*TASK BRIEF*: Within the listing below, give again exactly the lines between the one containing "Frederick Carder &" and the one containing "Vintage TIN TOY", inclusive, pictures left aside.

*MATERIAL SUPPLIED*:

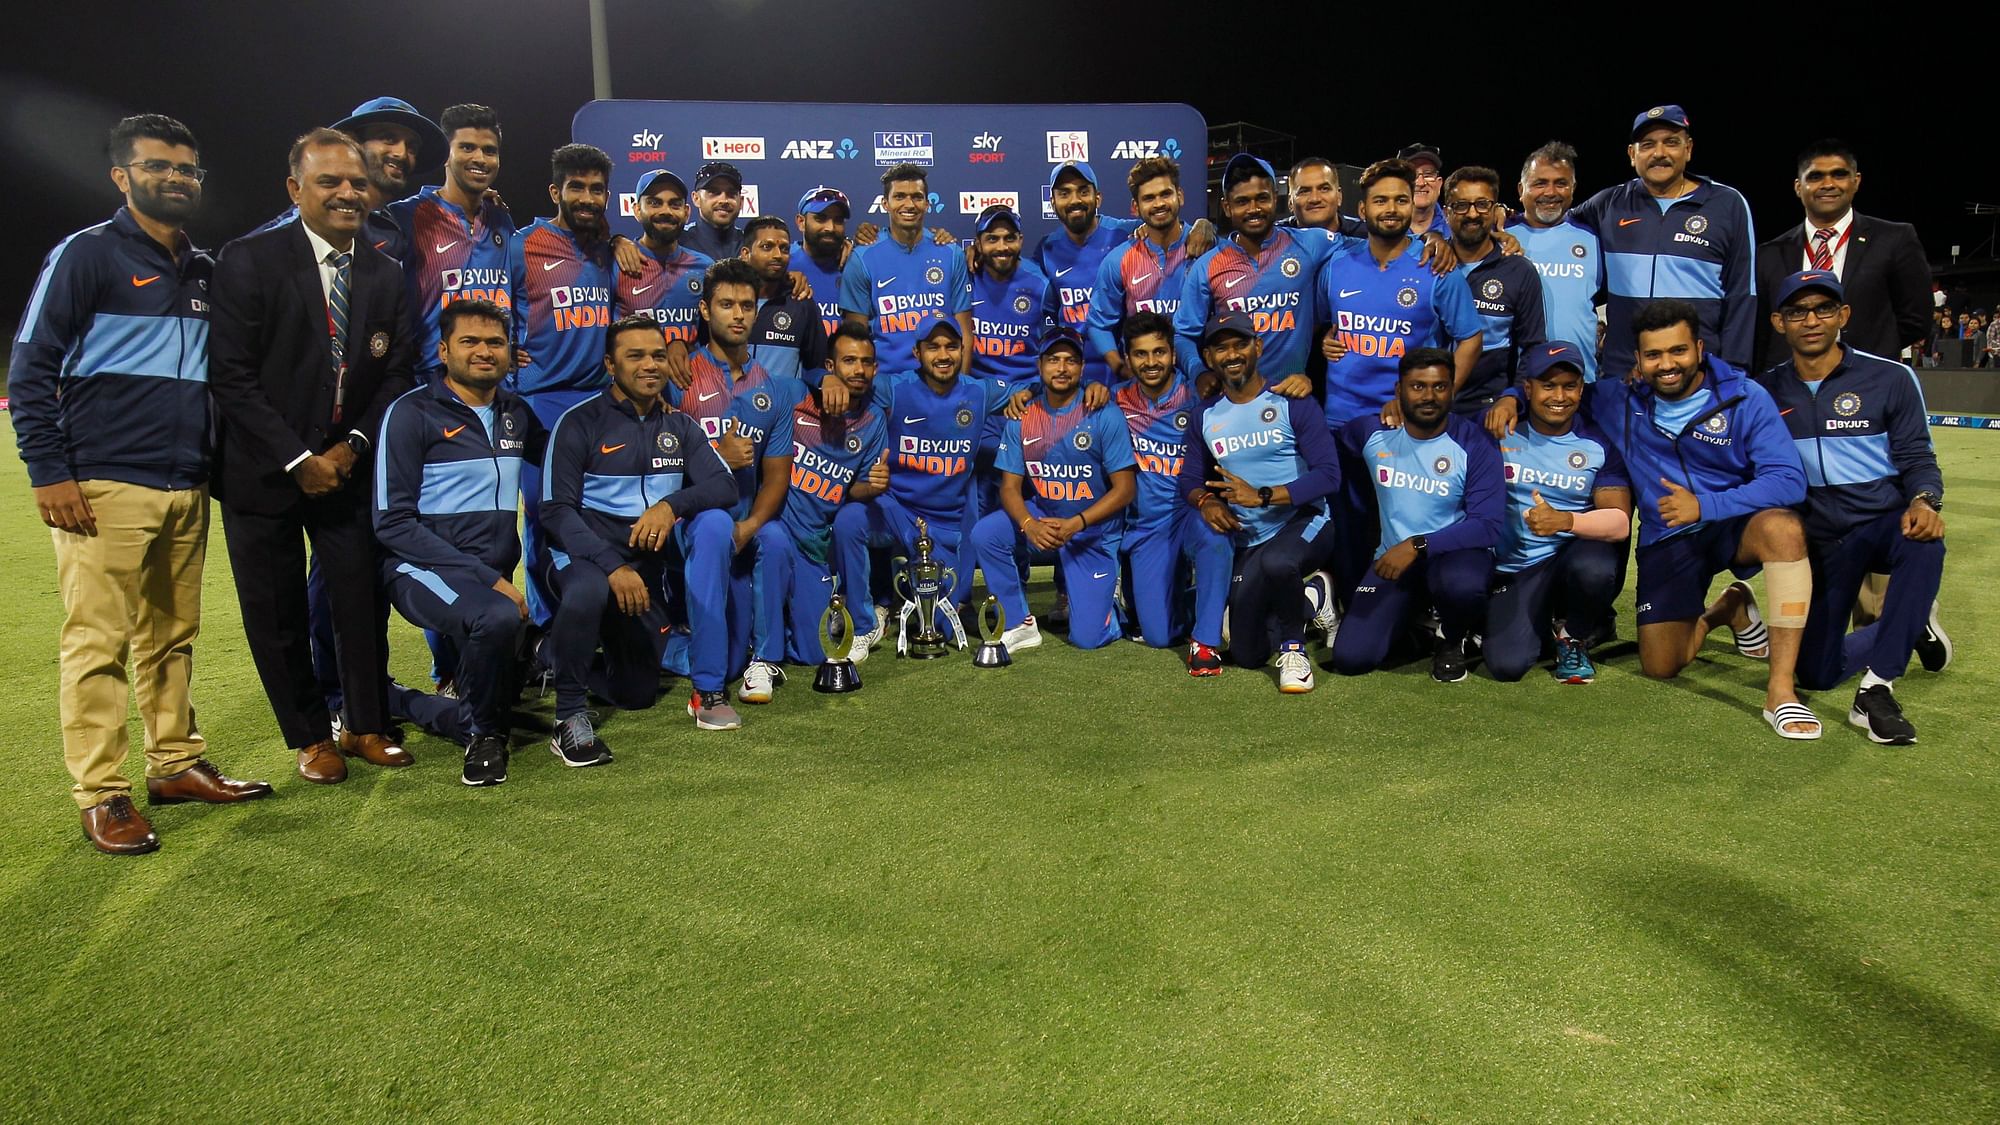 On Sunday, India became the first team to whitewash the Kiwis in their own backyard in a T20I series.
==
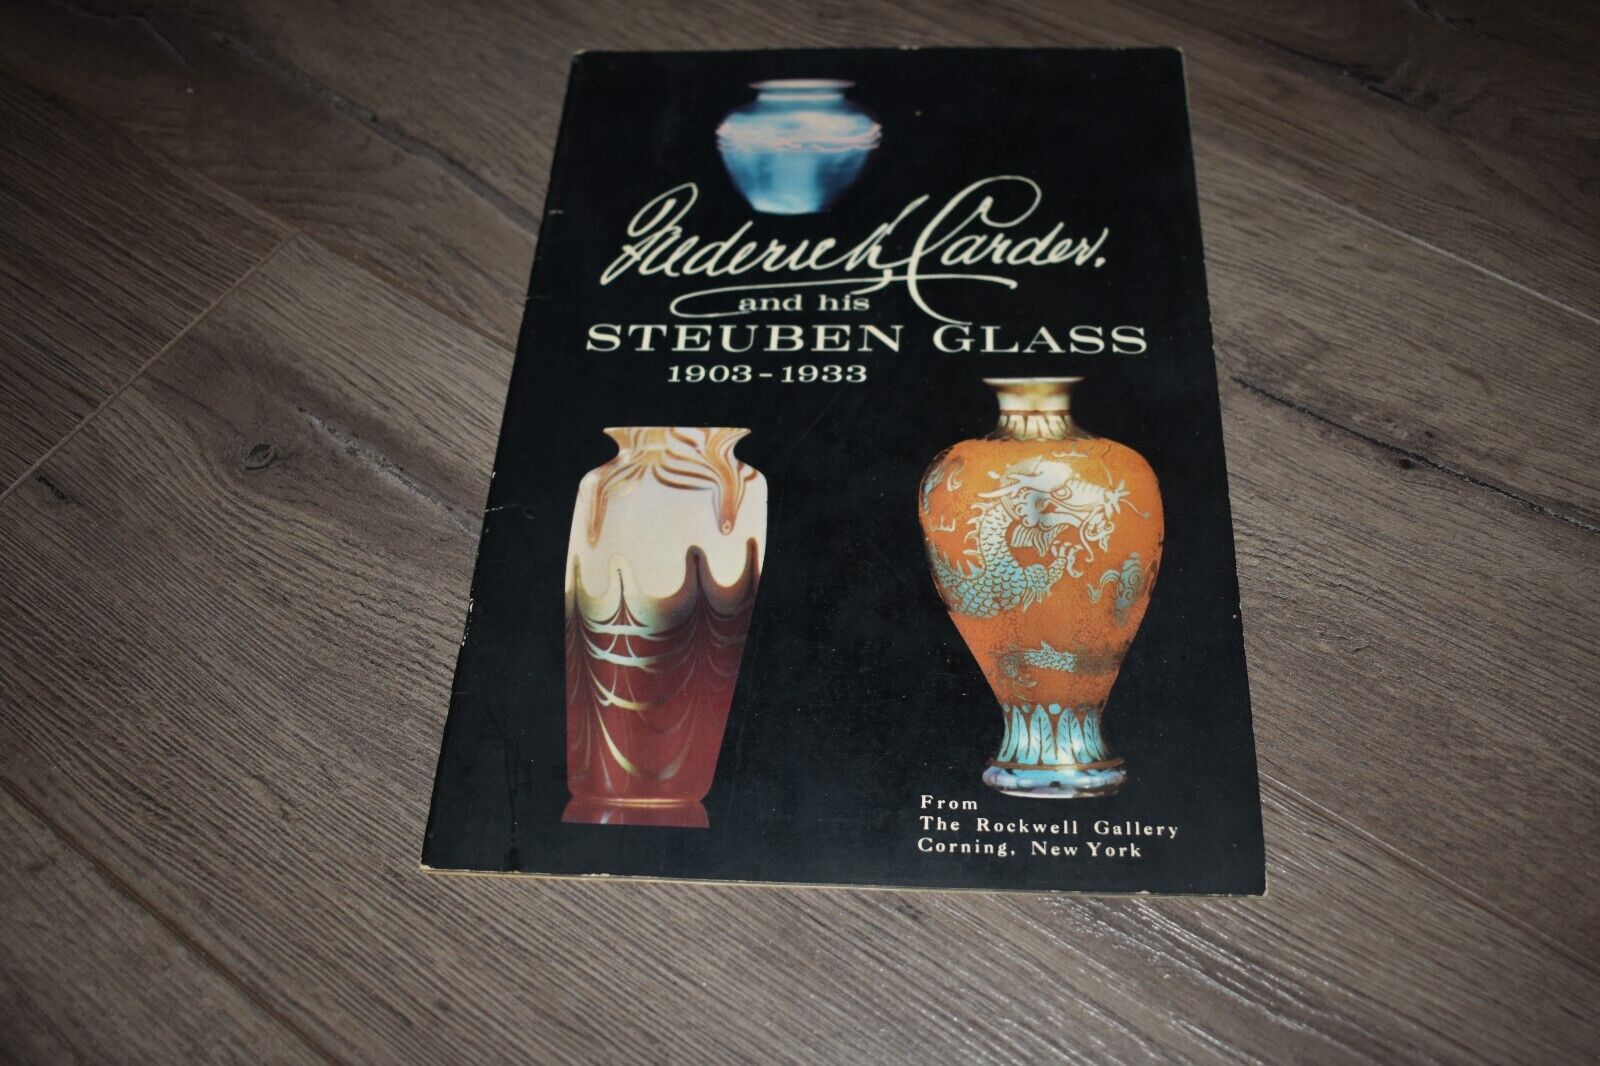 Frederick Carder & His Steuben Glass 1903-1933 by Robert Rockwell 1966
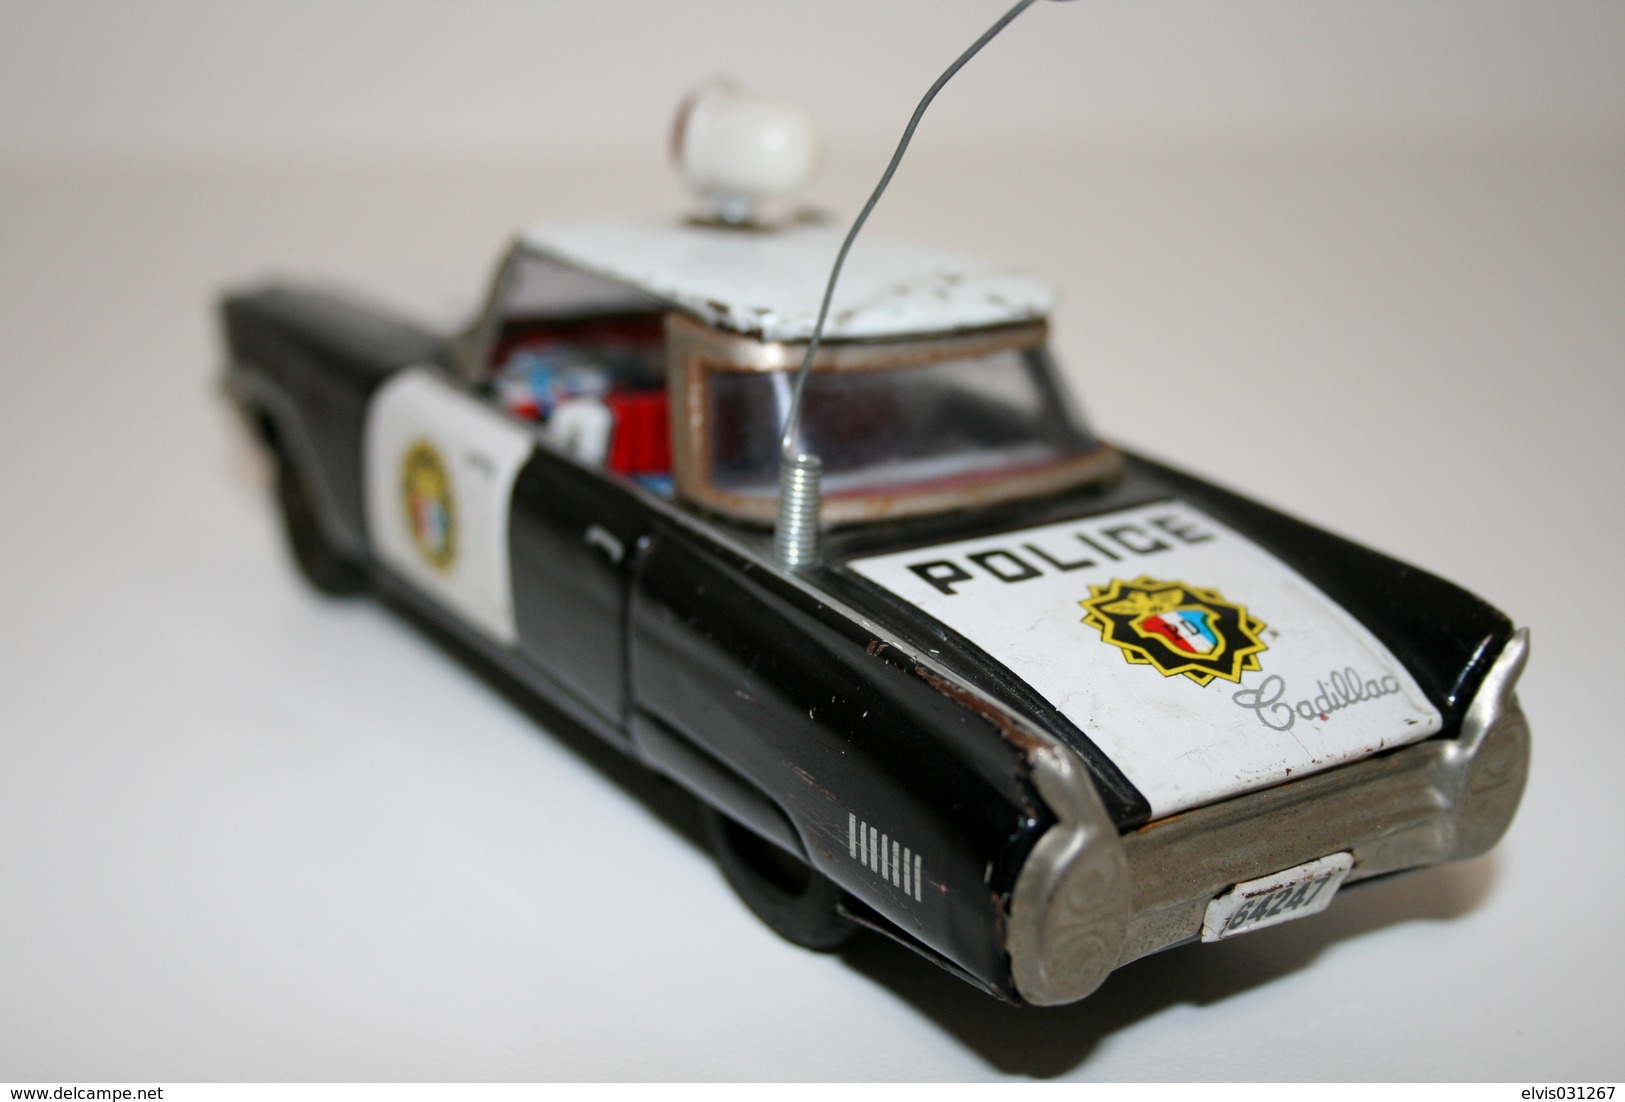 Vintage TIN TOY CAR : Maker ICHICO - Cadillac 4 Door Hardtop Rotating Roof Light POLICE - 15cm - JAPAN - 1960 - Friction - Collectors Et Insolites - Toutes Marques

*ANSWER TO THE PROBLEM*:
 Frederick Carder & His Steuben Glass 1903-1933 by Robert Rockwell 1966
 Vintage TIN TOY CAR : Maker ICHICO - Cadillac 4 Door Hardtop Rotating Roof Light POLICE - 15cm - JAPAN - 1960 - Friction - Collectors Et Insolites - Toutes Marques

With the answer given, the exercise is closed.